Government ministry of Malaysia

The Ministry of Investment, Trade and Industry (Kementerian Pelaburan, Perdagangan dan Industri; Jawi: ), abbreviated MITI, is a ministry of the Government of Malaysia that is responsible for international trade, industry, investment, productivity, small and medium enterprise, development finance institution, halal industry, automotive, steel, strategic trade. The ministry has its headquarters located at Menara MITI on Jalan Sultan Haji Ahmad Shah in Kuala Lumpur and the building is also a component of Naza TTDI’s 75.5-acre KL Metropolis, a mixed development that is envisioned to be the International Trade and Exhibition District for Kuala Lumpur. It is one of the three ministries that has not moved to Putrajaya.

The Minister of Investment, Trade and Industry administers his functions through the Ministry of International Trade and Industry and a range of other government agencies.

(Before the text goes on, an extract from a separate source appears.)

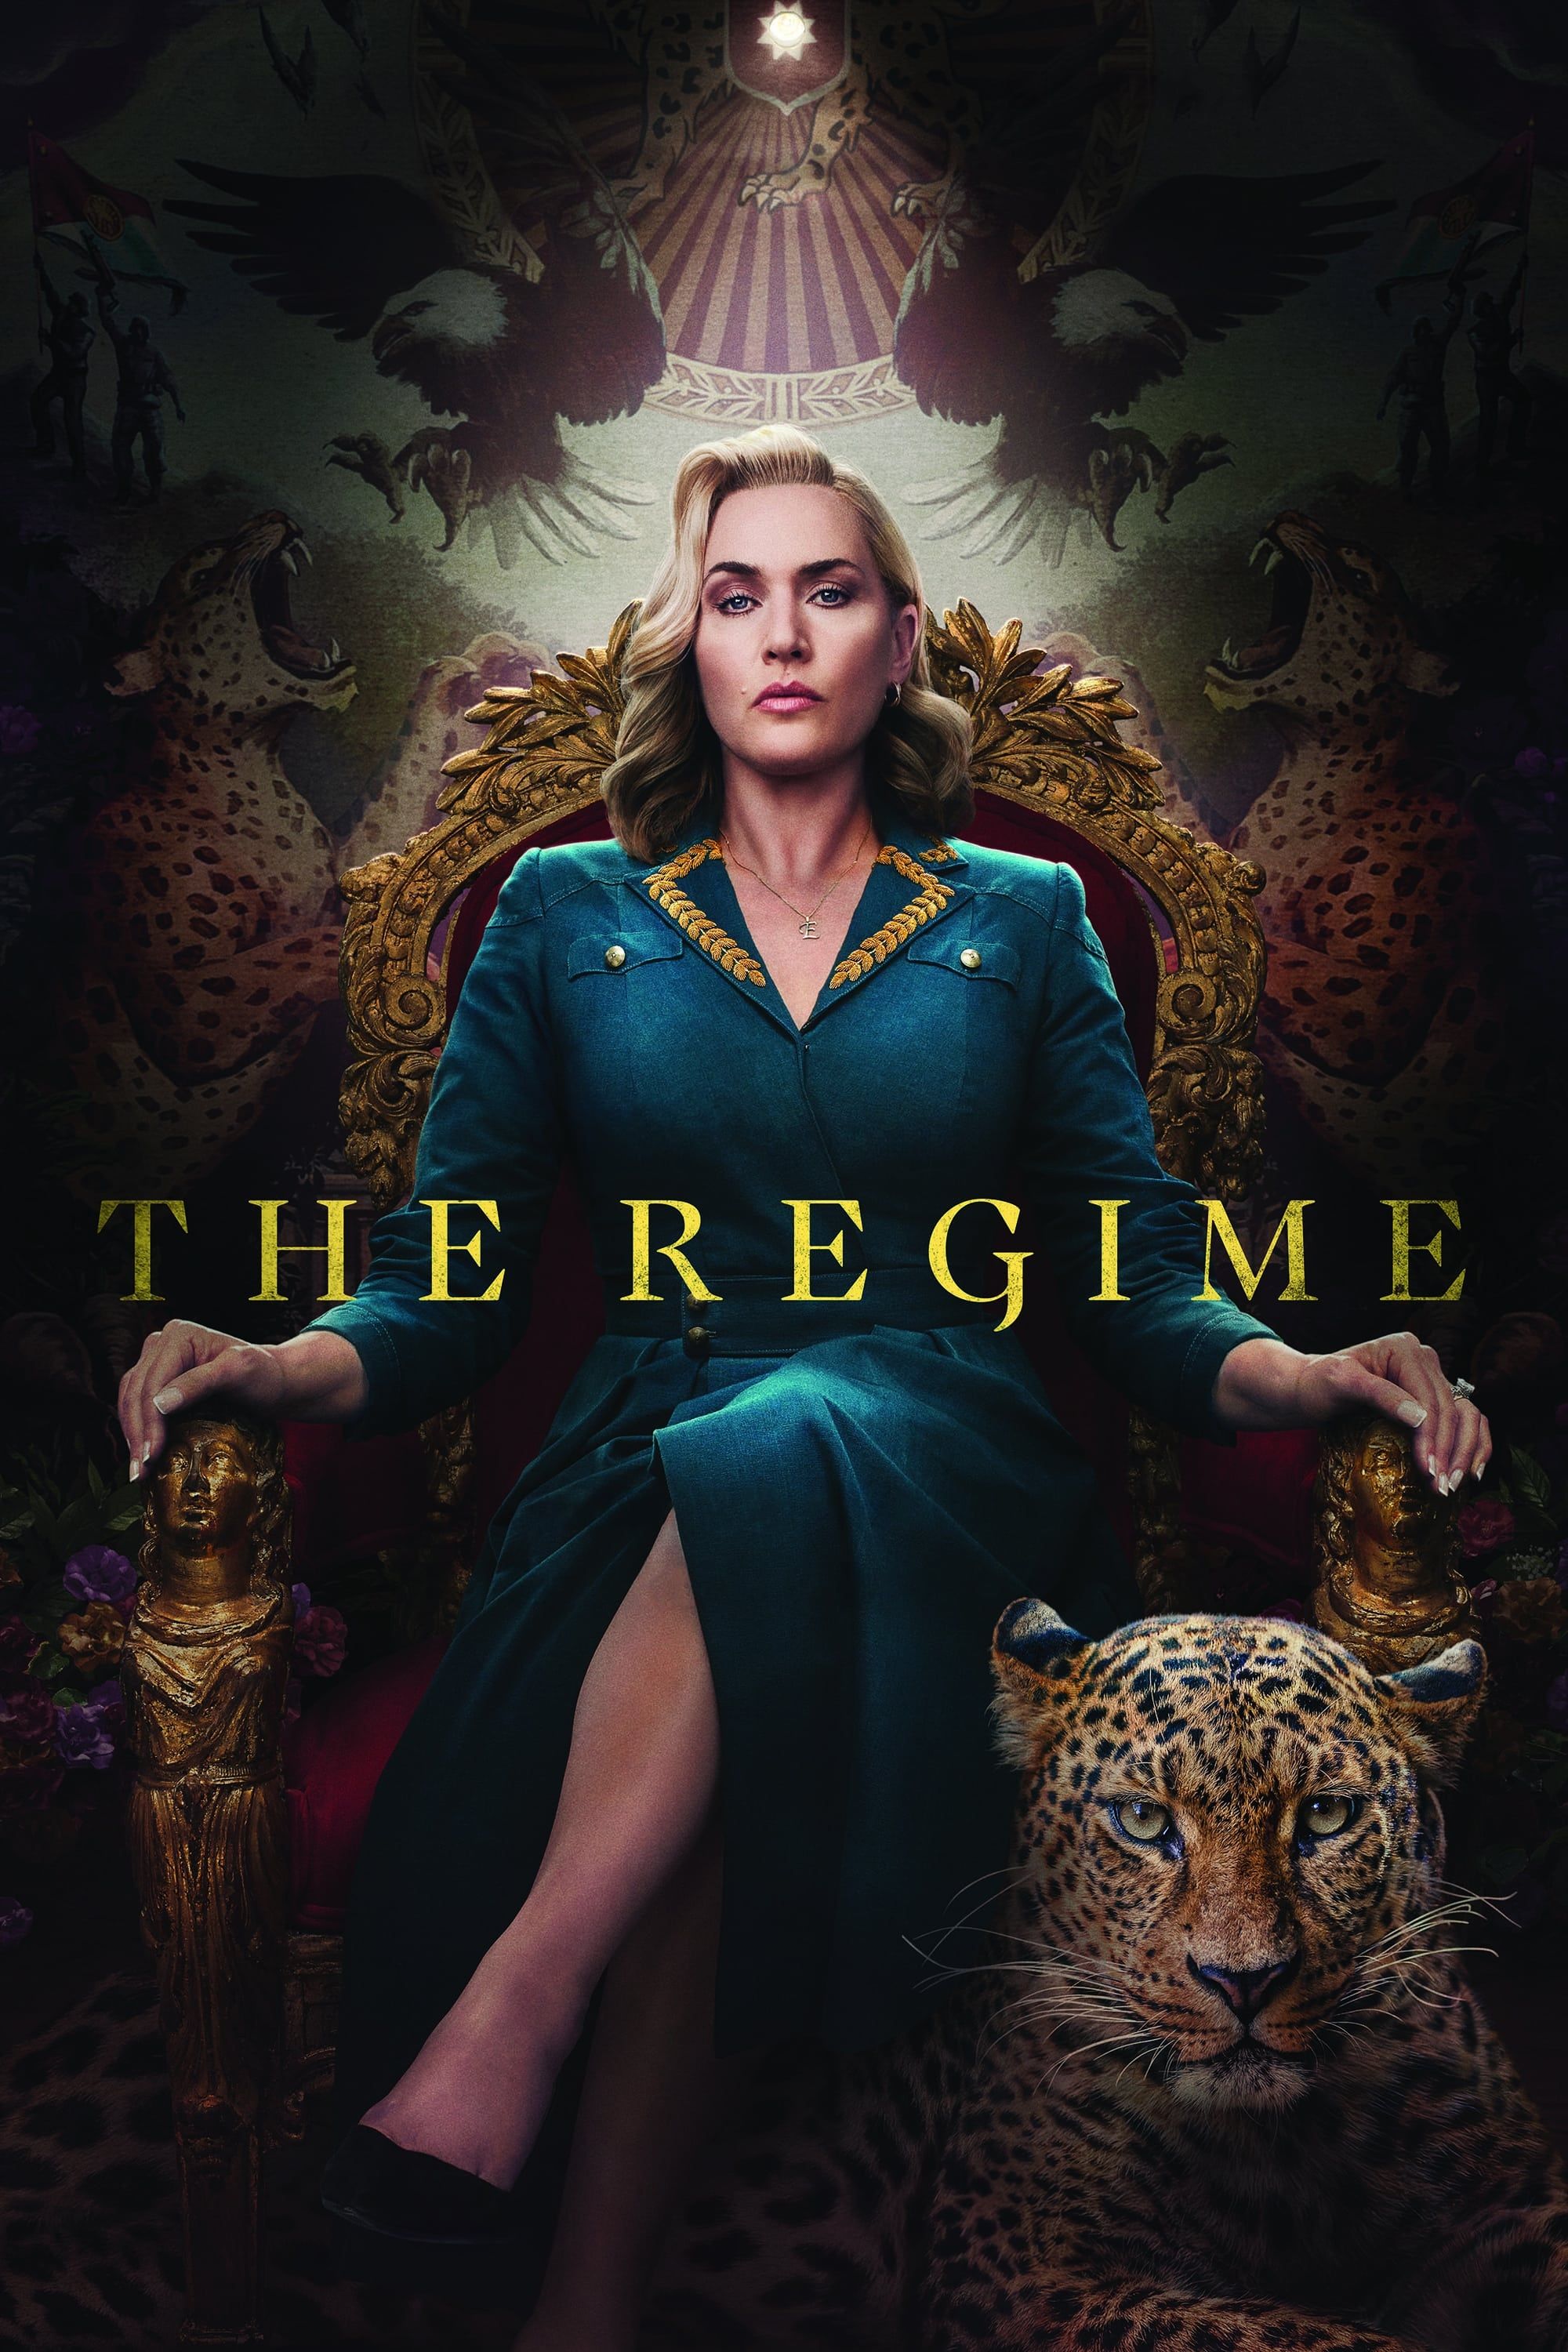 The Regime TV Show Poster Showing Kate Winslet Sitting in a Chair Next to a Tiger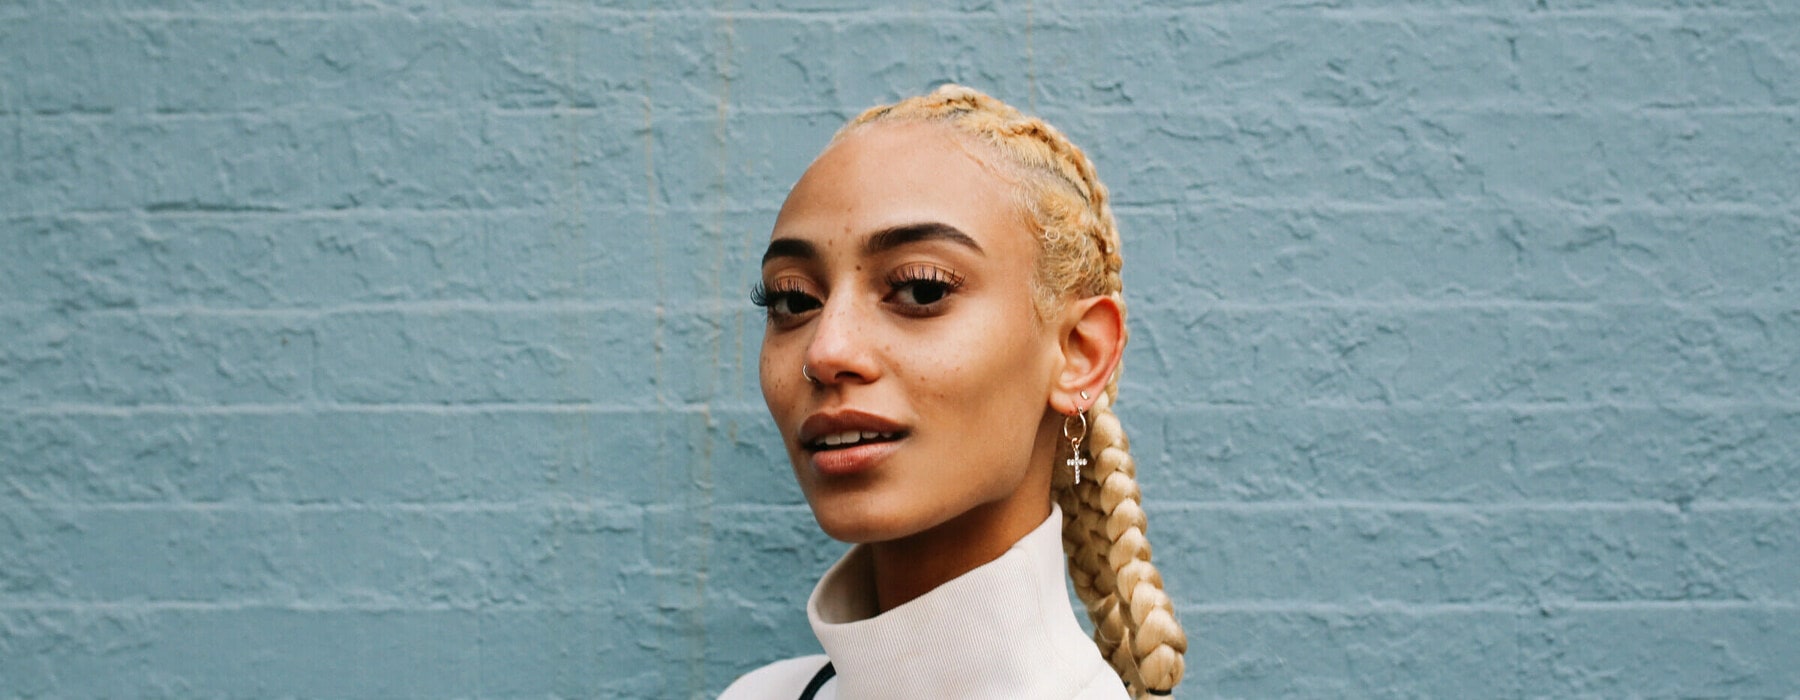 Vintage toned portrait of a young mixed race Latina woman from New York. She is sporting striking blond braids, leaning against the pastel toned brick wall.

Its headquarters is in Kuala Lumpur.

== Organisation ==

- Senior Minister of Investment. Trade and Industry
  - Deputy Minister of Investment. Trade and Industry
    - Secretary-General
      - Under the Authority of Secretary-General
        - Strategic Planning Division
        - Strategic Trade Secretariat Division
        - Legal Advisor Office
        - Management Services Division
        - Internal Audit Office
        - Strategic Communication Unit
        - Key Performance Indicator Unit
        - Integrity Unit
      - Deputy Secretary-General (Trade)
        - Multilateral Trade Policy and Negotiation Division
        - Regional and International Relations Division
        - Bilateral Economic and Trade Relations Division
        - ASEAN Economic Integration Division
      - Deputy Secretary-General (Industry)
        - Sectoral Policy Division
        - Bumiputera Entrepreneurship and Small and Medium Enterprise Division
        - Trade and Industry Support Division
        - Investment Policy and Trade Facilitation Division
        - Services Sector Development Division
        - Trade and Industry Related Emerging Issues Division
      - Deputy Secretary-General (Strategic and Monitoring)
        - Strategic Negotiations Division
        - National Key Economic Areas, Monitoring and Evaluation Division
        - Anugerah Kecemerlangan Industri and Outreach Division
        - Information Management Division
        - MITI Domestics Office
        - MITI Overseas Office

=== Federal agencies ===
1. Malaysian Investment Development Authority (MIDA, Lembaga Pembangunan Pelaburan Malaysia)(Official site)
2. Malaysia External Trade Development Corporation (MATRADE), or Perbadanan Pembangunan Perdagangan Luar Malaysia. (Official site)
3. Malaysia Productivity Corporation (MPC, Perbadanan Produktiviti Malaysia) (Official site)
  1. The Special Task Force to Facilitate Business, or Pasukan Petugas Khas Pemudahcara Perniagaan (PEMUDAH). (Official site)
4. SME Corporation Malaysia (SME Corp, Perbadanan Perusahaan Kecil dan Sederhana Malaysia)(Official site)
5. Small And Medium Enterprise Bank (SME Bank), or Bank Perusahaan Kecil dan Sederhana. (Official site)
6. Malaysian Industrial Development Finance (MIDF, langx|ms|Pembangunan Industri Kewangan Malaysia})(Official site)
7. Malaysia Automotive Institute (MAI), or Institut Automotif Malaysia. (Official site)
8. Malaysia Steel Institute (MSI), or Institut Keluli Malaysia. (Official site)

== Key legislation ==
The Ministry of Investment, Trade and Industry is responsible for administration of several key Acts:
- Industrial Co-ordination Act 1975 [Act 156]
- Promotion of Investments Act 1986 [Act 327]
- Malaysian Investment Development Authority (Incorporation) Act 1965 [Act 397]
- Malaysia Productivity Corporation (Incorporation) Act 1966 [Act 408]
- Malaysia External Trade Development Corporation Act 1992 [Act 490]
- Countervailing and Anti-Dumping Duties Act 1993 [Act 504]
- Small and Medium Industries Development Corporation Act 1995 [Act 539]
- Safeguards Act 2006 [Act 657]
- Strategic Trade Act 2010 [Act 708]

== Policy Priorities of the Government of the Day ==
- National Automotive Policy
- Iron and Steel Industry Policy

== Background ==
The Ministry of Commerce and Industry was established in April 1956 and situated in Government Office, Jalan Raja. The Ministry was then renamed the Ministry of Trade and Industry in February 1972. On 27 October 1990, the Ministry was separated into two Ministries which are:
- Ministry of International Trade and Industry (MITI)
- Ministry of Domestic Trade and Consumer Affairs (KPDN).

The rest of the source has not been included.